Les livres et moi, mes coups de coeur, mes découvertes, mes créations ou mes voyages : intellectuels, spirituels, botaniques ou culinaires...
Plus tard, j'ai pensé que les mains de mon père m'avaient manqué, qu'elles n'avaient jamais serré les miennes, qu'elles ne m'avaient jamais rattrapé un jour de chute ni recoiffé un jour de vent, qu'elles n'avaient jamais effleuré mon visage comme on le fait parfois, quand certains mots ne parviennent pas jusqu'aux lèvres.
Plus tard j'ai pensé qu'un père qui n'étreint pas ne façonne pas et qu'on en conserve pour toujours une infirmité. Une sorte d'inachèvement.
On finit par devenir ce que nos parents ont de cassé en eux.
Le chagrin fait grandir plus vite pour avoir plus vite de longues jambes et plus vite le fuir.
Dans ce roman très dur et violent, l'auteur qui nous a habitué à davantage de douceur, de légèreté et de bons sentiments dans ces précédentes œuvres, dénonce les violences faites aux enfants par des hommes d'église, ici un prêtre respecté, et surtout le silence qui pendant trop d'années les a entourées. Voilà je vous ai tout dit !
L'auteur nous raconte l'histoire d'Edouard, un père qui apprend bien trop tard que son fils, Benjamin, a été violé lors d'un séjour d'été en camp de vacances.
Il retrouve (croit-il...) le prêtre responsable et décide le lui faire payer le mal qu'il a fait à son petit garçon, et surtout de lui faire avouer tous les détails de cette sordide histoire. Il faut qu'il sache coûte que coûte plutôt que d'imaginer...
Là, au cœur de l'église, la violence et le désir de vengeance d'Edouard se déchaînent...et deviennent incontrôlables pendant trois jours, face au silence et à la lâcheté, tandis qu'il s'interroge sur sa propre éducation, son propre père, sa propre responsabilité.
C'est un face à face éprouvant pour le lecteur et très dérangeant même pour moi qui suis profondément athée, mais nécessaire pour le père, fou de chagrin. Certaines scènes sont sordides et d'une rare violence.
Le lecteur s'interroge...
Edouard a-t-il le droit de faire justice lui-même ? Pardonner peut-il aider à réparer les victimes et à leur rendre leur innocence ?
L'auteur a décidé de s'engager pour cette cause qui le révolte.
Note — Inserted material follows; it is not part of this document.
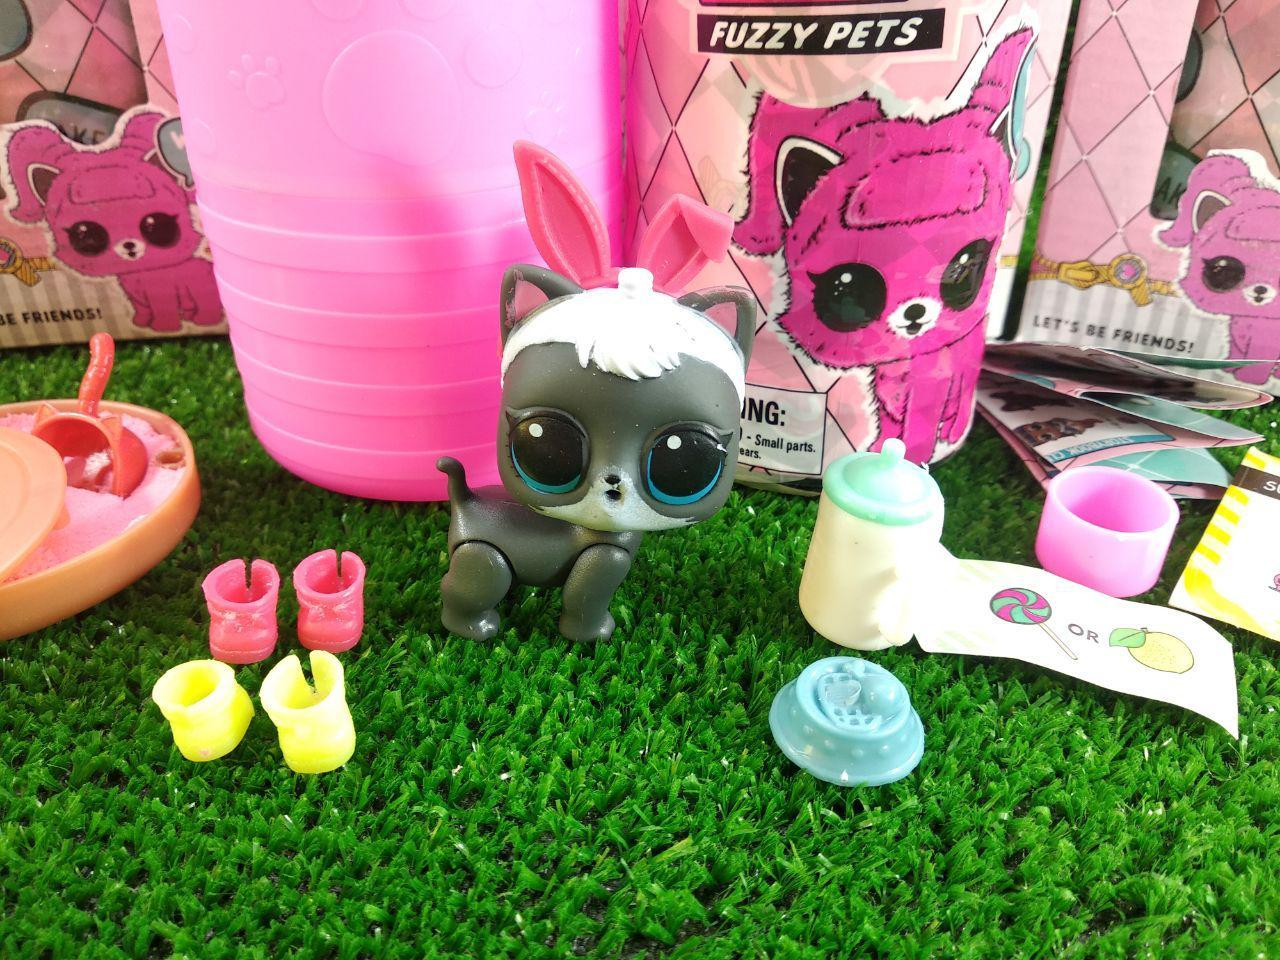 Кукла фуззи петс Fuzzy Pets Питомец с кинетическим песком внутри

Il ne peut accepter comme nous tous, que les enfants soient victimes de ceux qui étaient chargés de les protéger, tout comme ce père ne peut accepter de n'avoir rien vu des appels au secours de son fils qui ne peut parler.
Briser le silence est nécessaire mais je ne sais pas si ce roman est pour autant nécessaire.
Avec des mots pourtant justes et des passages émouvants, l'auteur décrit toutes les facettes de sentiments et tous les détails, même sordides, de cette histoire. Je n'ai rien appris que je ne sache déjà.
Je n'ai éprouvé aucune compassion pour Edouard, dont le personnage et les actes sonnent faux finalement, car si je comprends la rage qui l'anime, je ne vois pas un père commettre de tels actes peu crédibles. Trop c'est trop dans ce roman que l'auteur a voulu faire coller à l'actualité.
L'auteur agrémente son texte de trop nombreuses citations bibliques qui n'apportent rien au roman. Il compare l'histoire d'Abraham et de son fils, certes, et nous livre des réflexions sur le pardon, mais tout cela mit en parallèle de la violence des propos et des actes, ne m'a pas convaincue.
De plus, la fin est plutôt invraisemblable : je ne vois pas un prêtre avouer son crime devant ses ouailles !
Mais elle nous révèle cependant à quel point le silence de l'Eglise a pu cacher autre chose que nous n'imaginons même pas.
C'est un livre d'à peine 200 pages qui se lit d'une traite car bien entendu le lecteur dérangé (choqué ? provoqué ?) par les premières lignes de l'auteur veut savoir comment tout cela va se terminer.
Mais encore une fois, même si je trouve que c'est une très bonne chose que la parole se libère, je m'interroge sur la nécessité de toute cette violence. Elle n'apporte rien aux victimes, ni aux familles, ni aux bourreaux.
Je vous laisse donc être votre propre juge quant à ce roman, si vous le lisez un jour...
Si un enfant n'a pas le pouvoir de sauver l'amour de ses parents, l'amour de ses parents peut le sauver...
Je pleure parce je présage que Benjamin se mettra un jour à dire.
Il dira, même si les mots manquent et ne seront jamais parfaits à décrire l'indicible.
Il dira, car c'est la seule façon de retrouver sa dignité et son identité perdues.
Il dira, car c'est dire qui permet d'être à nouveau au monde...
- Pourquoi tu pleures, papa ? C'est à moi qu'on a fait du mal.